(DATASET SECTION):
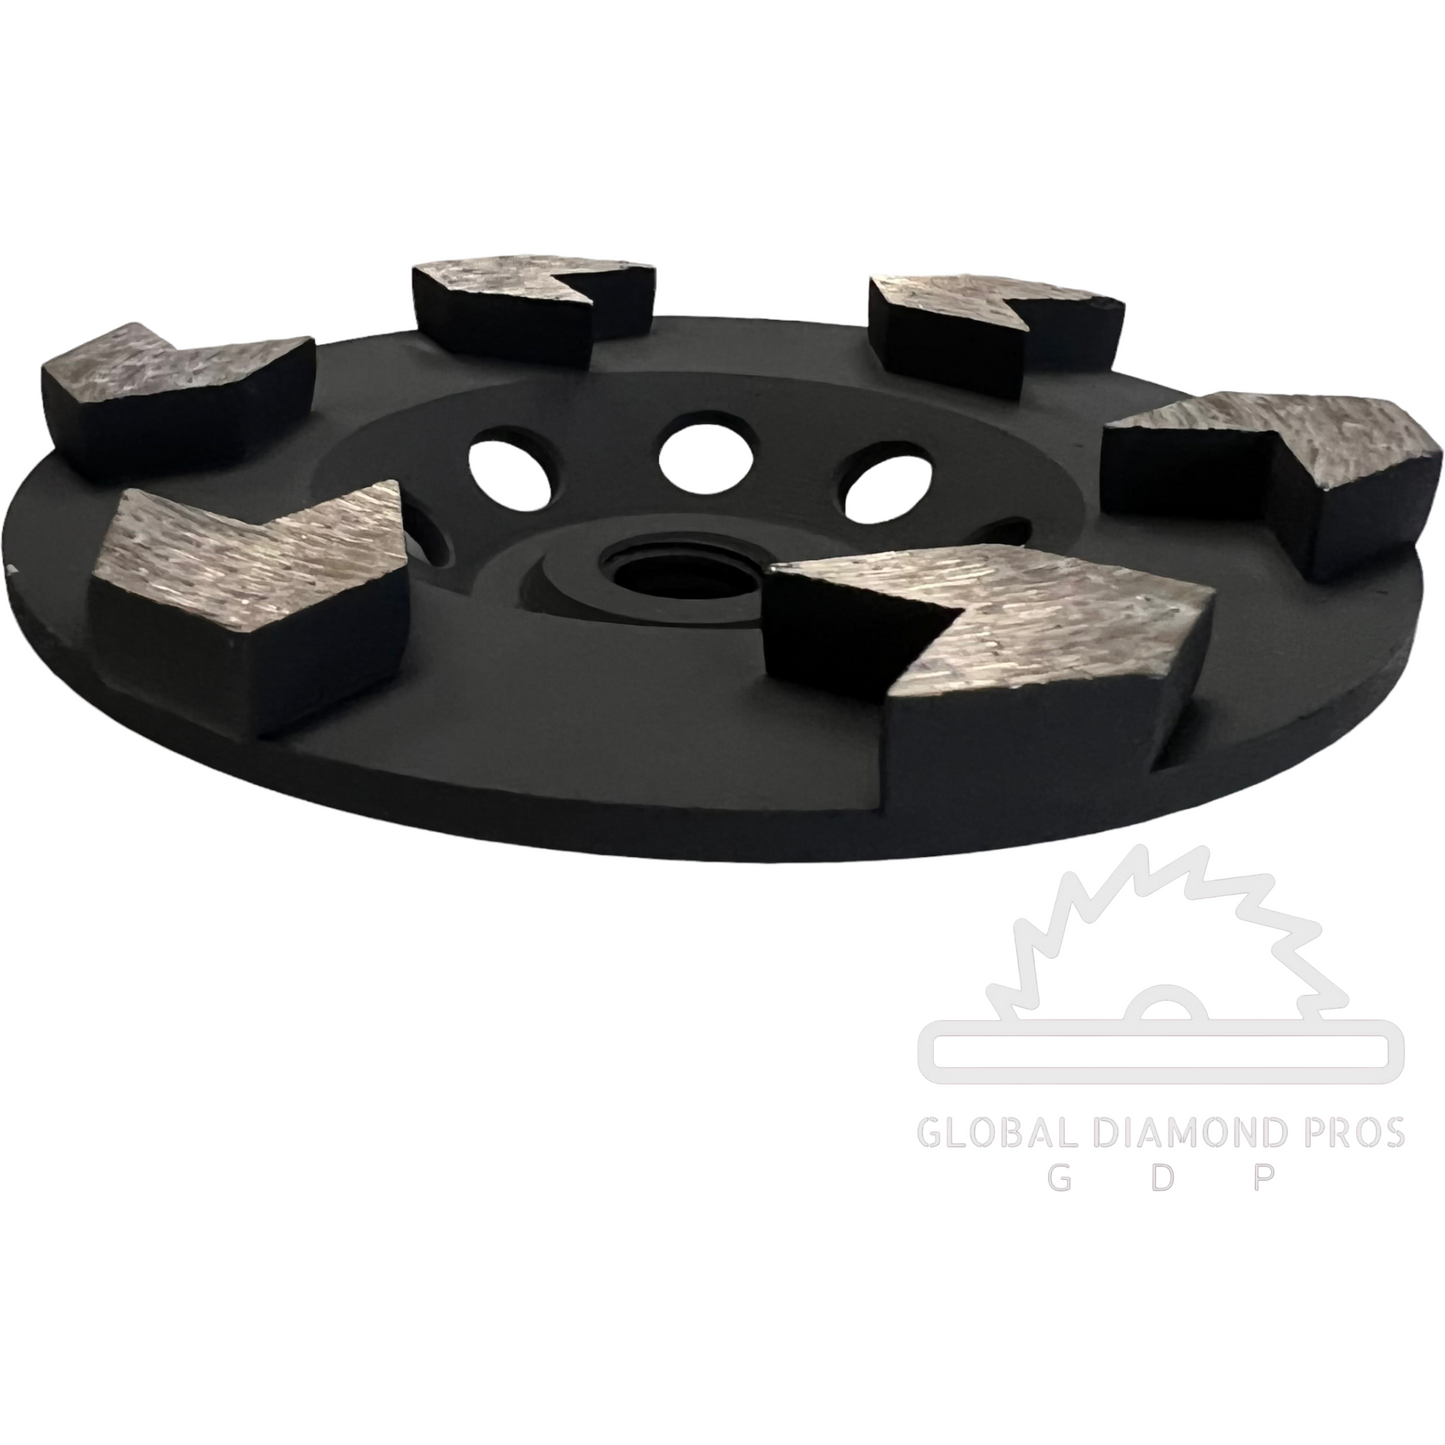 5” Premium Turbo Diamond Cup Wheel for Concrete Stone Grinding 5/8"-11 Arbor
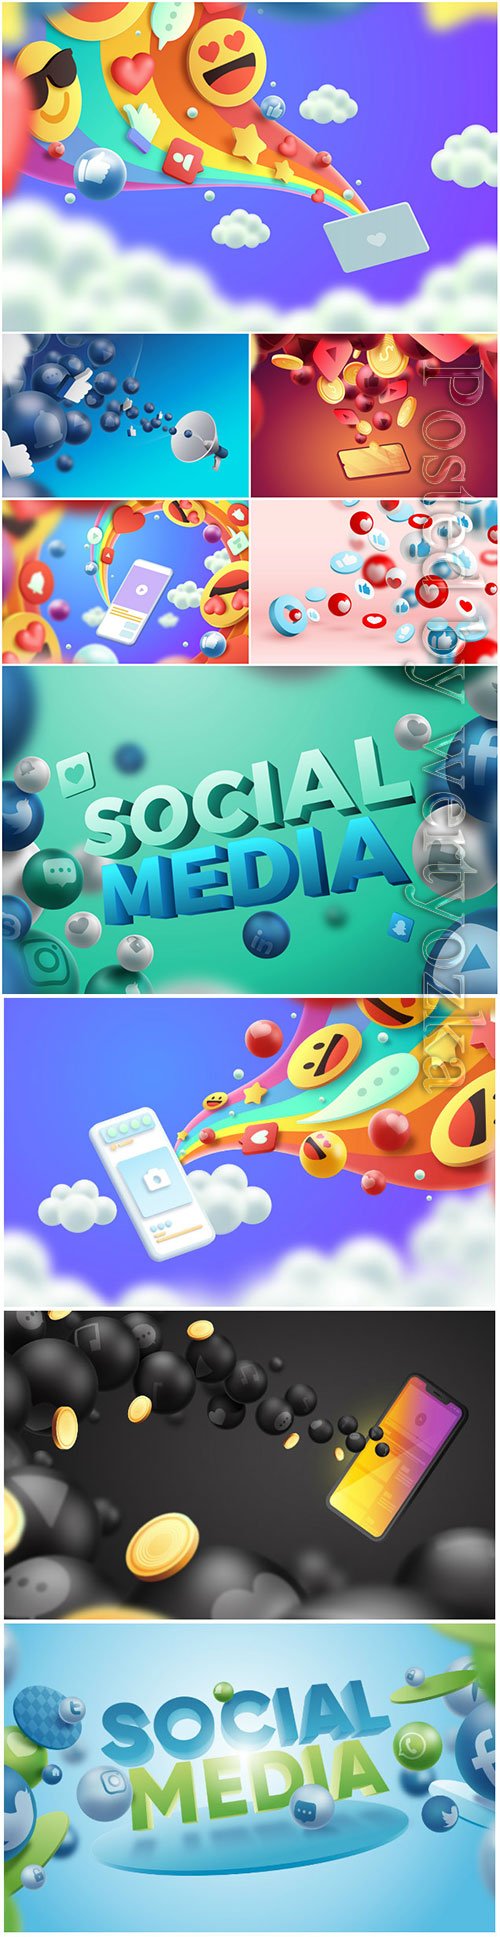 Social media 3d vector background
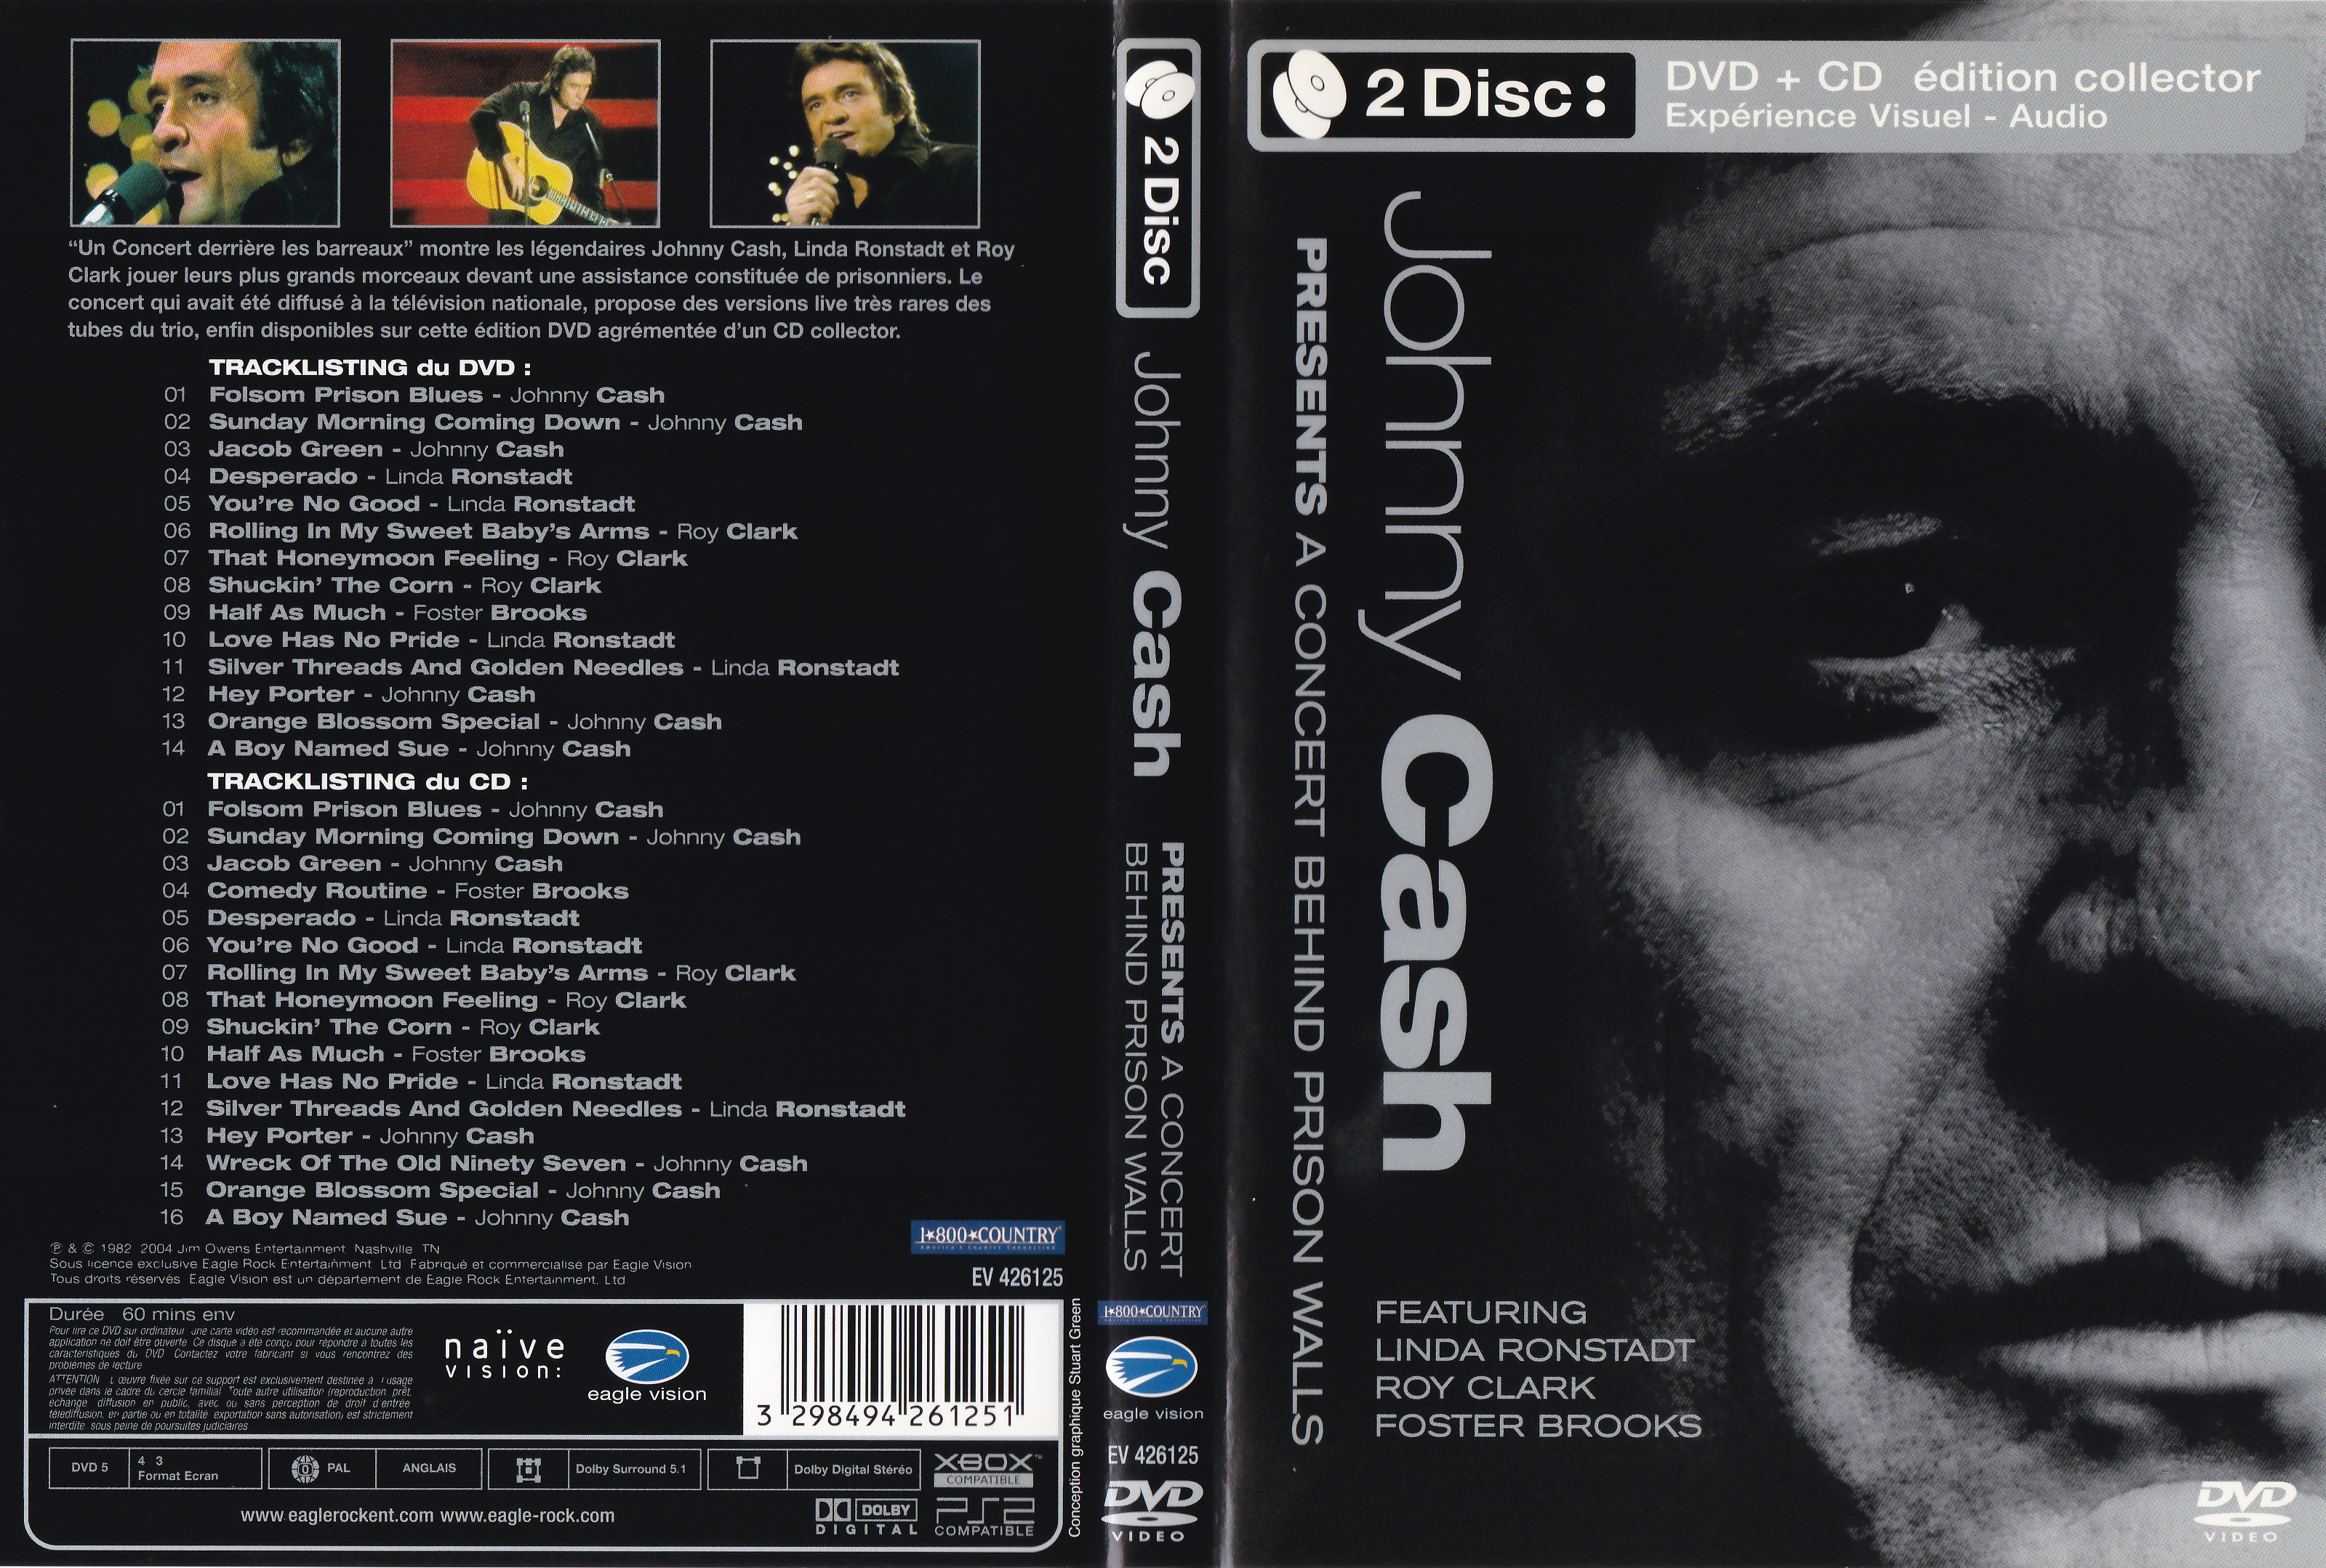 Jaquette DVD Johnny Cash Concert Behind The Walls

(PROMPT): All of the data should come back exactly as written, but without pictures.

(SOLUTION TO THIS PROBLEM):
 5” Premium Turbo Diamond Cup Wheel for Concrete Stone Grinding 5/8"-11 Arbor
 Social media 3d vector background
 Jaquette DVD Johnny Cash Concert Behind The Walls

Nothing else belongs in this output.